R: Sí, claro; en ese momento se movían muchas cosas. Creo que de la misma época era Can Valls, un camping naturista en Les Gavarres, Girona. Este era el primer lugar en España en el que se podía ir desnudo en plena montaña.[11]
Recuerdo las visitas de la Guardia Civil, venían con cualquier excusa, y el recibimiento que le hacíamos, ellos con su tricornio, y nosotros totalmente desnudos y orgullosos de nuestros cuerpos...
Todo entonces era descubrimiento: el nudismo, el vegetarianismo, el naturismo, hacer el amor con libertad, ciertas tendencias tántricas... Recuerdo que por aquella época me pidieron que llevara el Instituto Tantra que estaba por Calonge,[12] y durante dos o tres veranos se intentó seguir una línea de inspiración tántrica.

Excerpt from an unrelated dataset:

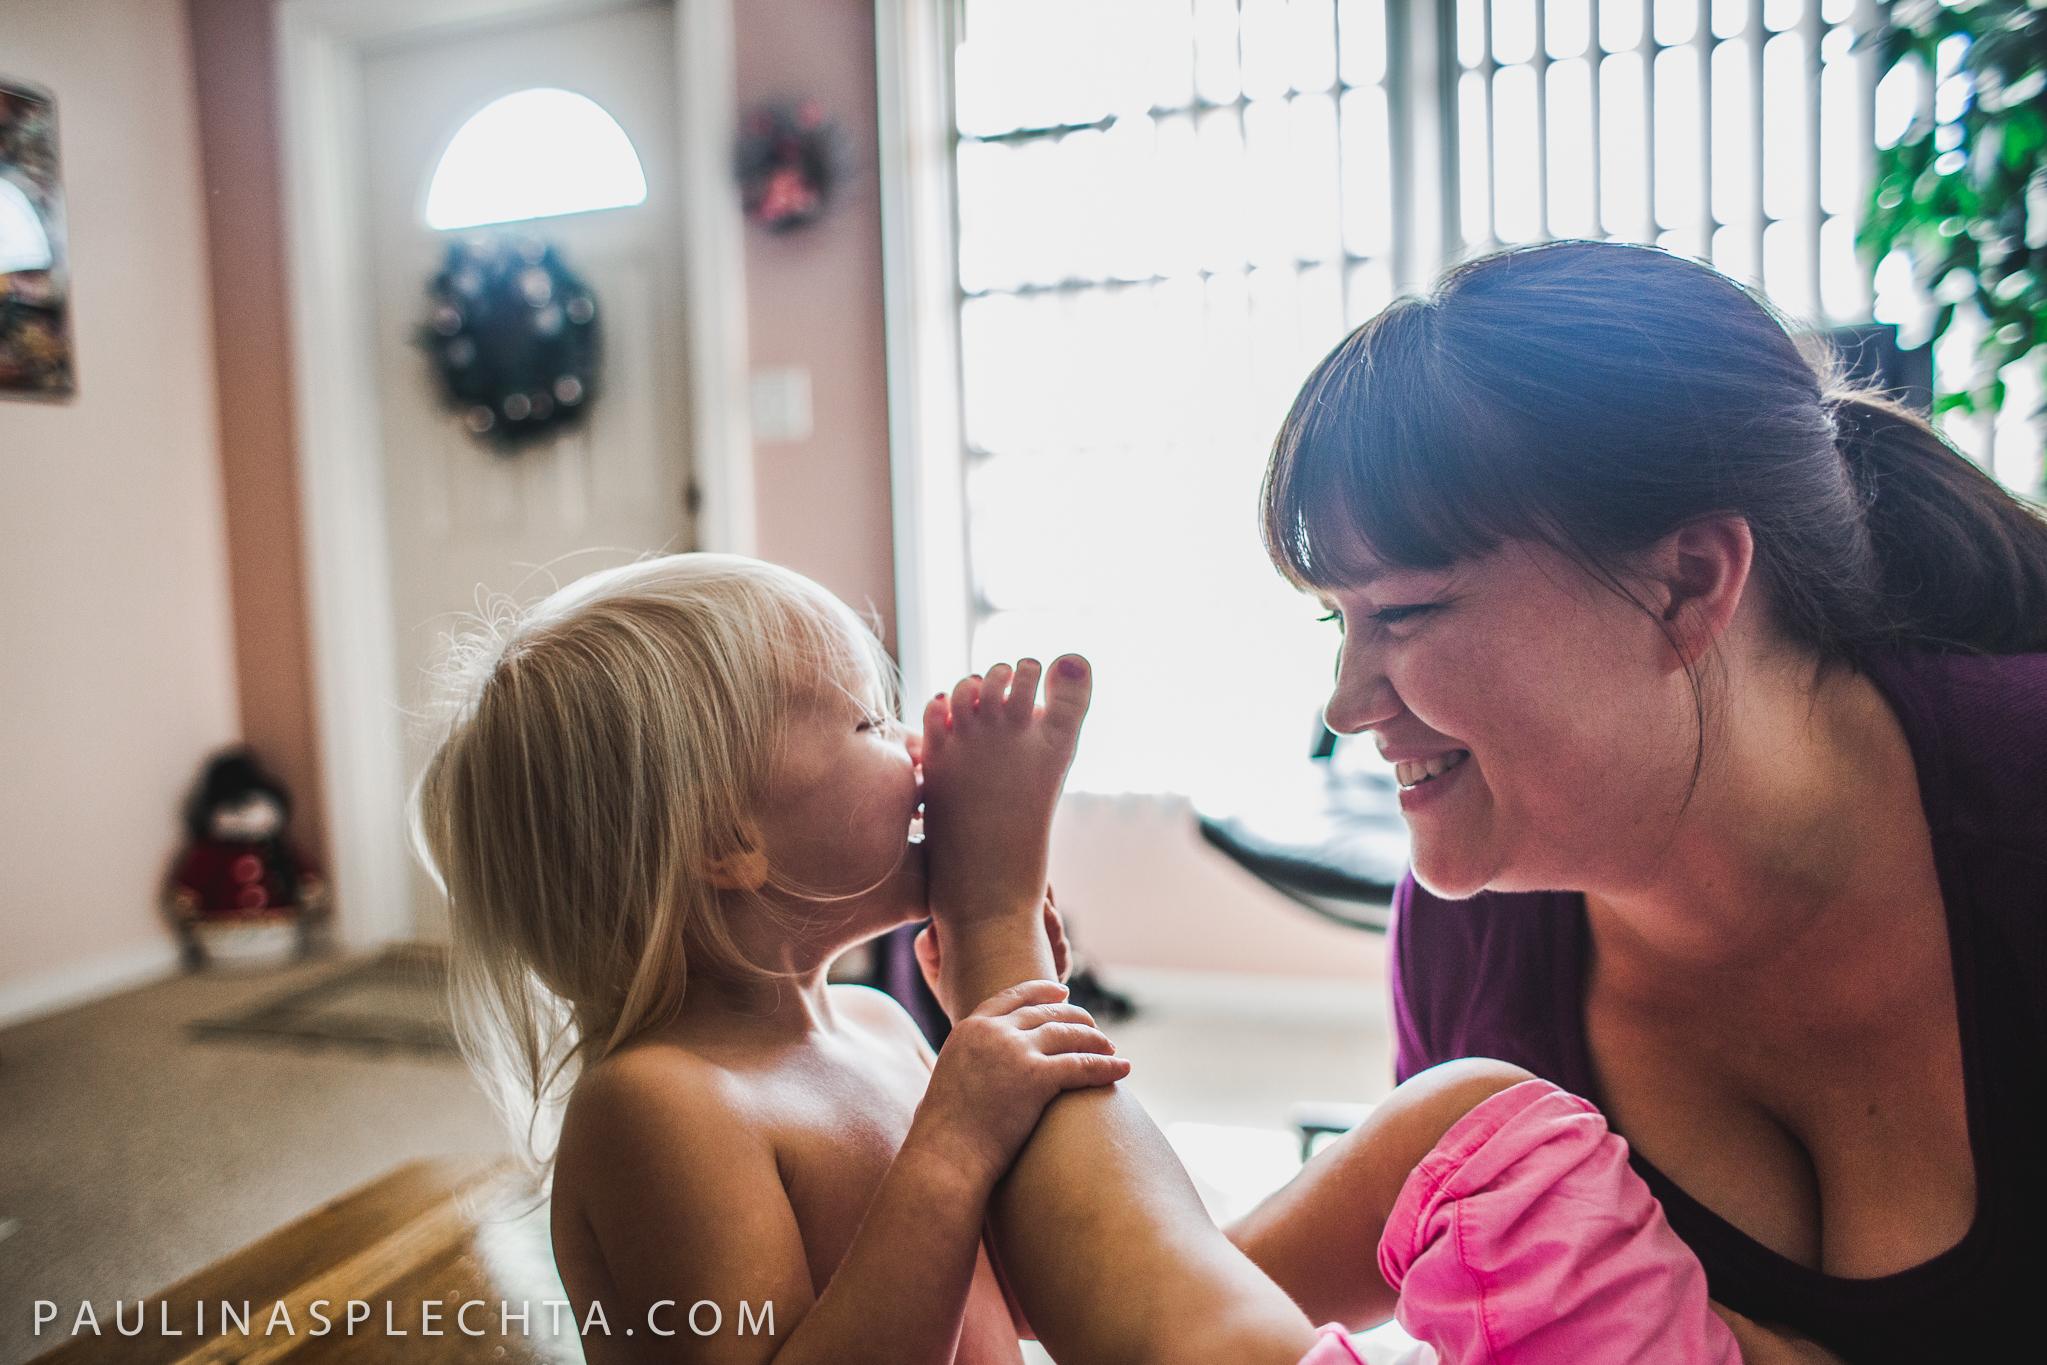 Family Photographer South Florida Pompano Broward Palm Beach Babies Baby Newborn Breastfeeding Birth Photograpy Beach Home Documentary Session-218.jpg

Ahí recibí el nombre de iniciado Viswanath Chaitanya.[13]
Sí, sí: fue un momento en el que hacíamos todos los cursos, la gente viajaba a Inglaterra, a la India, y se seguían todas las terapias posibles, cosas de las que aquí nunca se había oído nada de nada. Fue un tiempo muy intenso. Luego llegó Arco Iris,[14] con miles de gentes que pasaron por allí; cada semana recibían a doscientas o trescientas personas. Yo también estuve por allí y conocí a Emilio y Carlos Fiel, lo que pasa es que no terminé de conectar con la visión que ellos tenían. Por aquella época hacía tiempo que ya daba clases de yoga.

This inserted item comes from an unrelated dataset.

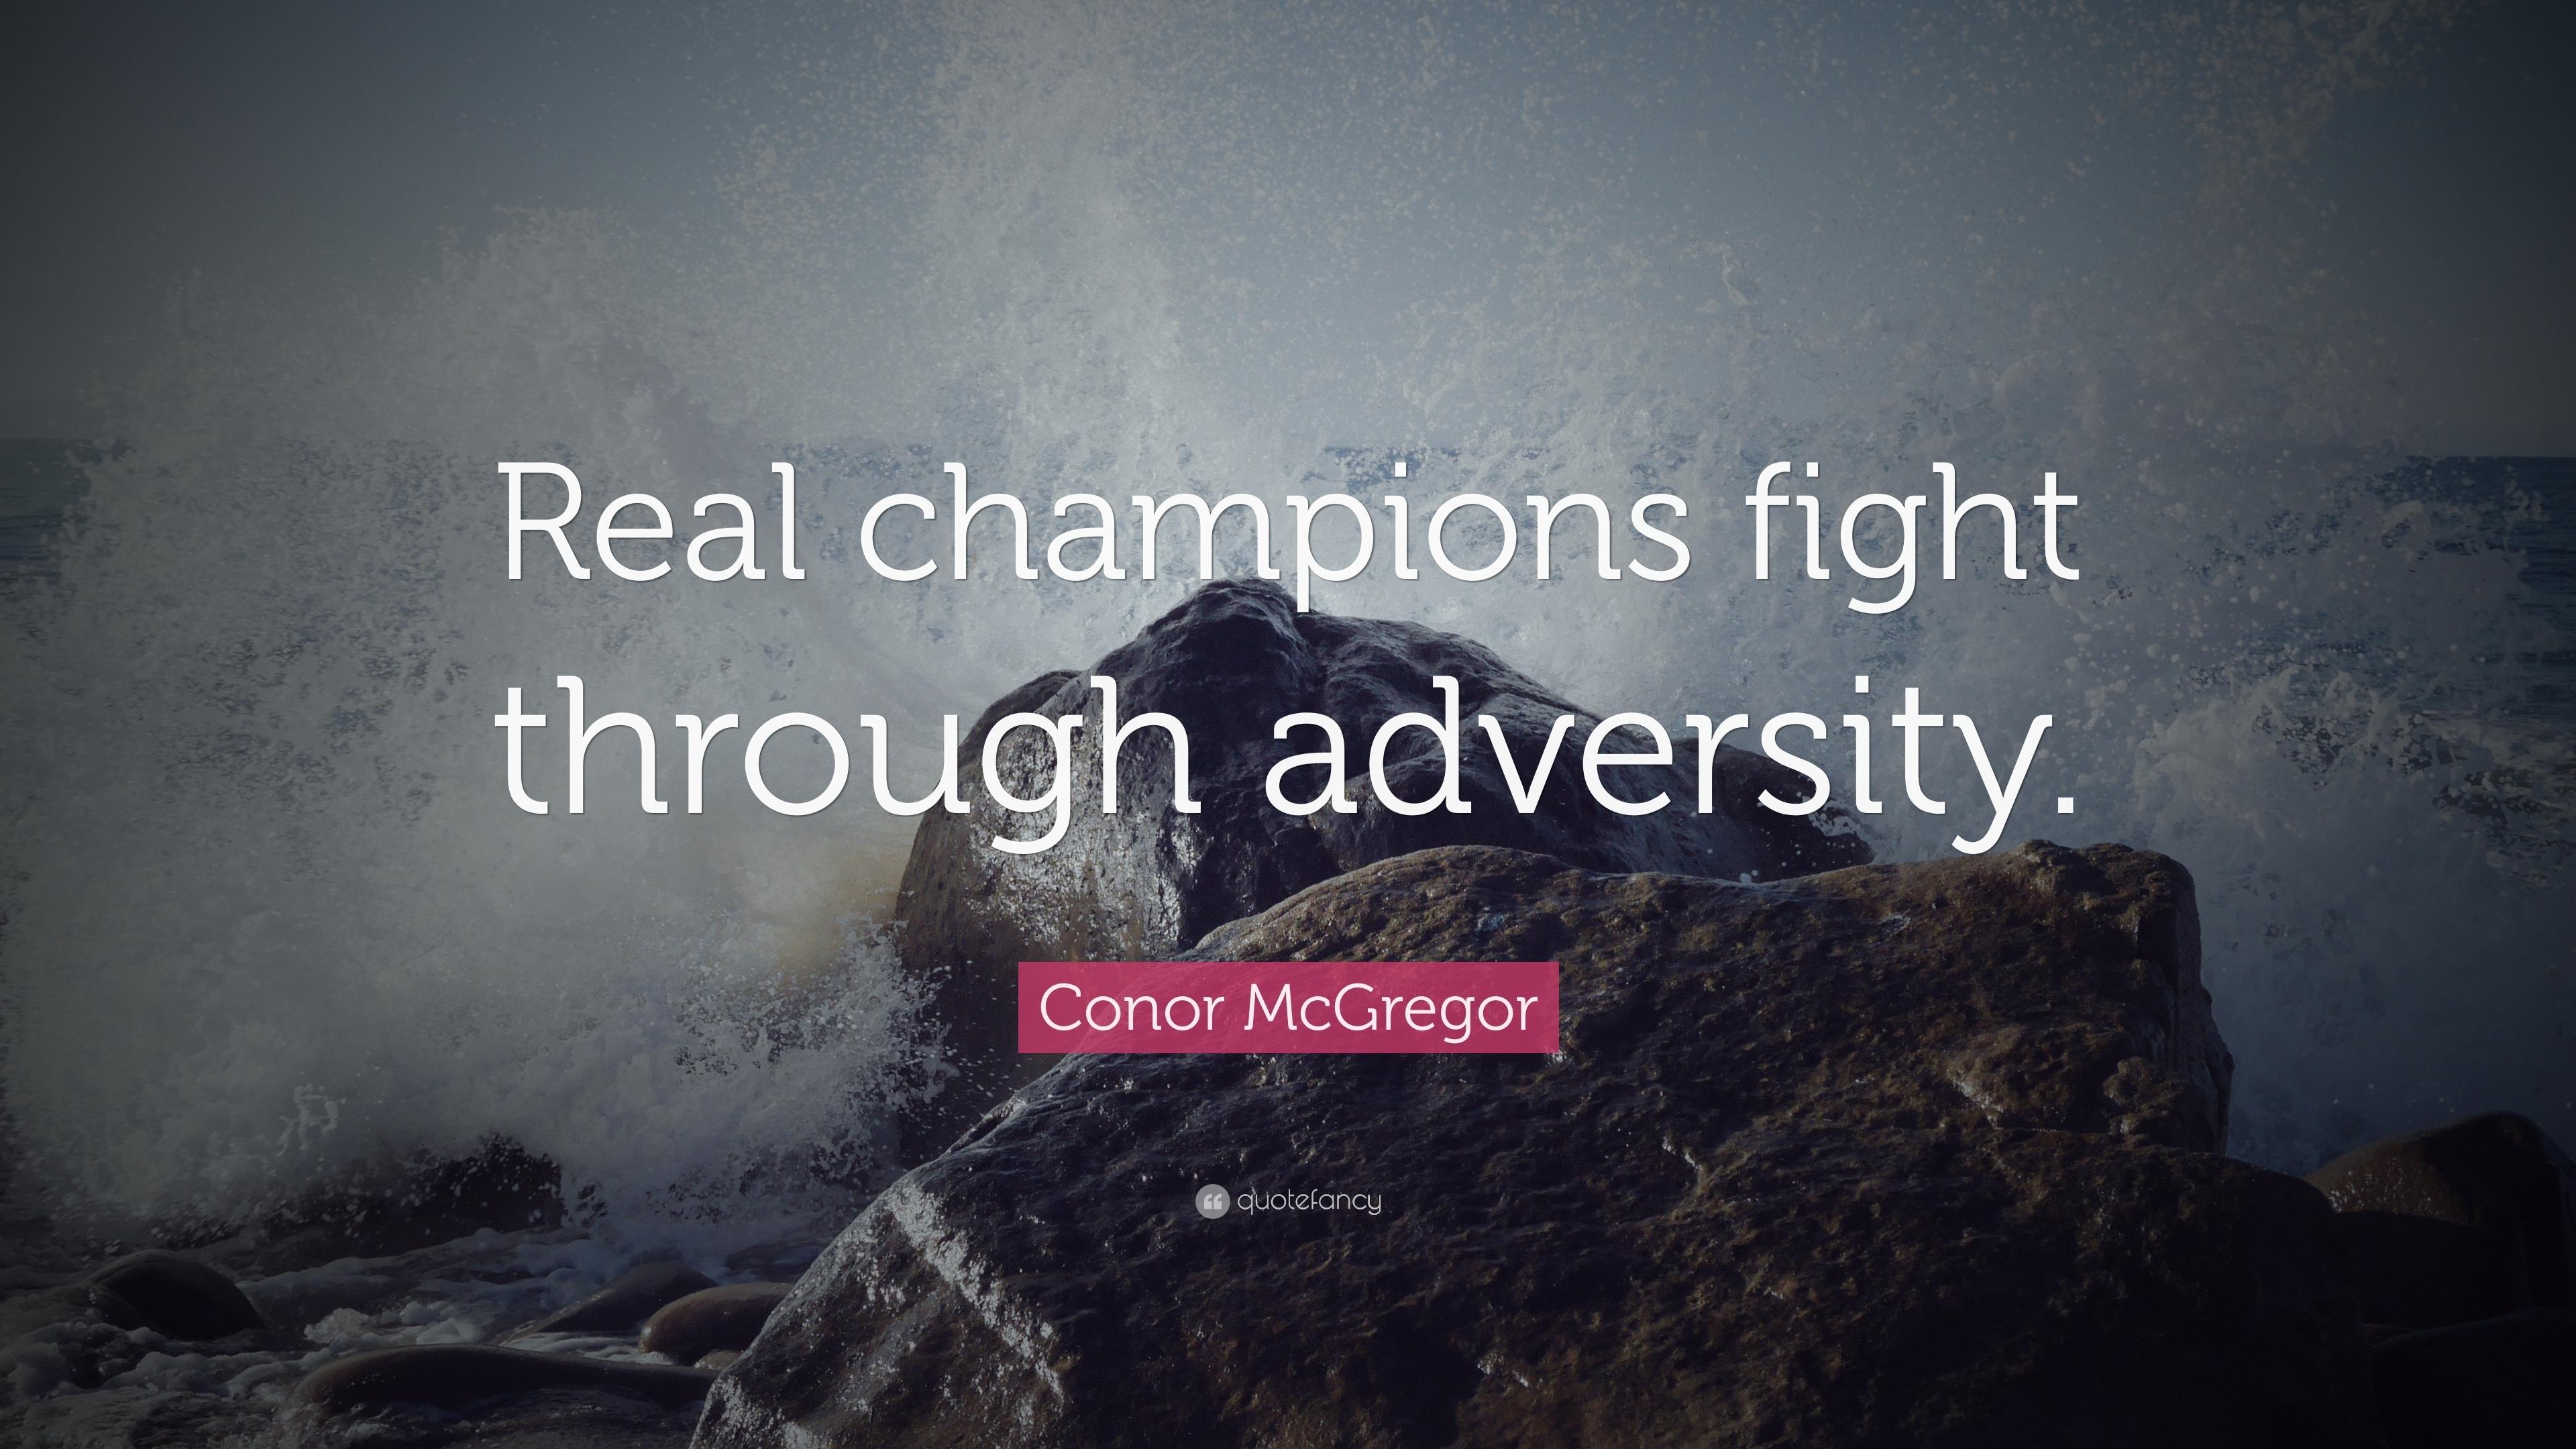 conor mcgregor quotes (64 wallpapers) - quotefancy

P: Claro, aquellos tiempos pasaron, pero tú seguiste en la línea del yoga.
R: Sí, yo continué con el yoga. Digamos que todo lo que se había despertado en mí, cuando tenía dieciocho años, volvió a presentarse a los cuarenta. Pero, al mismo tiempo, tenía una gran orientación política y marxista. Recuerdo que había llegado a dar conferencias en París sobre marxismo. Los del partido me mandaban estudiantes desde España para promover la lucha antifranquista, la lucha universitaria sobre todo.
Siempre estuve influido por algo que dijo un teólogo alemán, Guardini:[15] que el siglo veintiuno sería el encuentro de la tradición oriental —seguramente a través del budismo— y del cristianismo en sus diversas formas. Y esto coincide bastante con mi camino, porque nunca me ha bastado con aceptar la visión de una de las dos partes y, aunque hago de profesor de yoga, tampoco me satisface absolutamente la llamada visión oriental, aunque esta manera de denominar las cosas termina siendo un poco banal. Y, además, la visión oriental pasa por muchos caminos como el Taoísmo, el Zen —que yo también he seguido—, el Yoga…

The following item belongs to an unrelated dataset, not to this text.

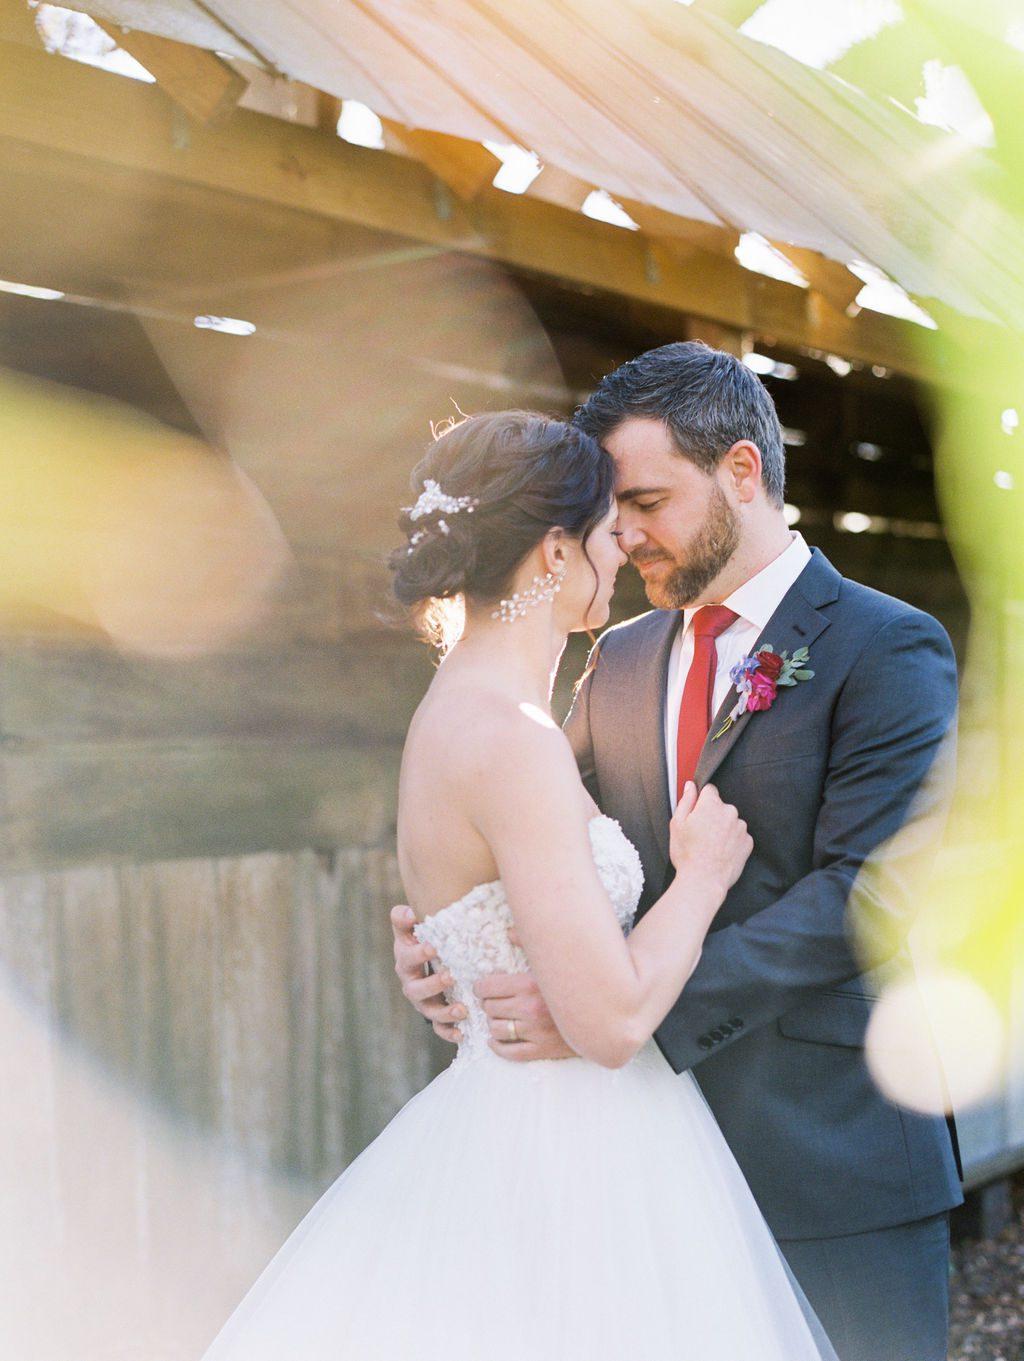 Alison + Dane's Whimsical & Enchanting Wedding

De hecho, en lo referente al Zen, empecé a practicar zazen[16] en 1967 con el maestro Taisen Deshimaru en París, ciudad a la que éste acababa de llegar.[17]
Así que al final he terminado intentando unir todo esto. Me pasa un poco como a ti. Pero, a veces, en las clases me queda un poco la sensación de que no puedo pasar lo más importante, porque la gente busca, sobre todo, relajarse un poco, poder calmar algo la mente, mejorar físicamente; claro, esta es la urgencia de nuestro tiempo. De manera que no te vas a poner a lanzar toda la caballería.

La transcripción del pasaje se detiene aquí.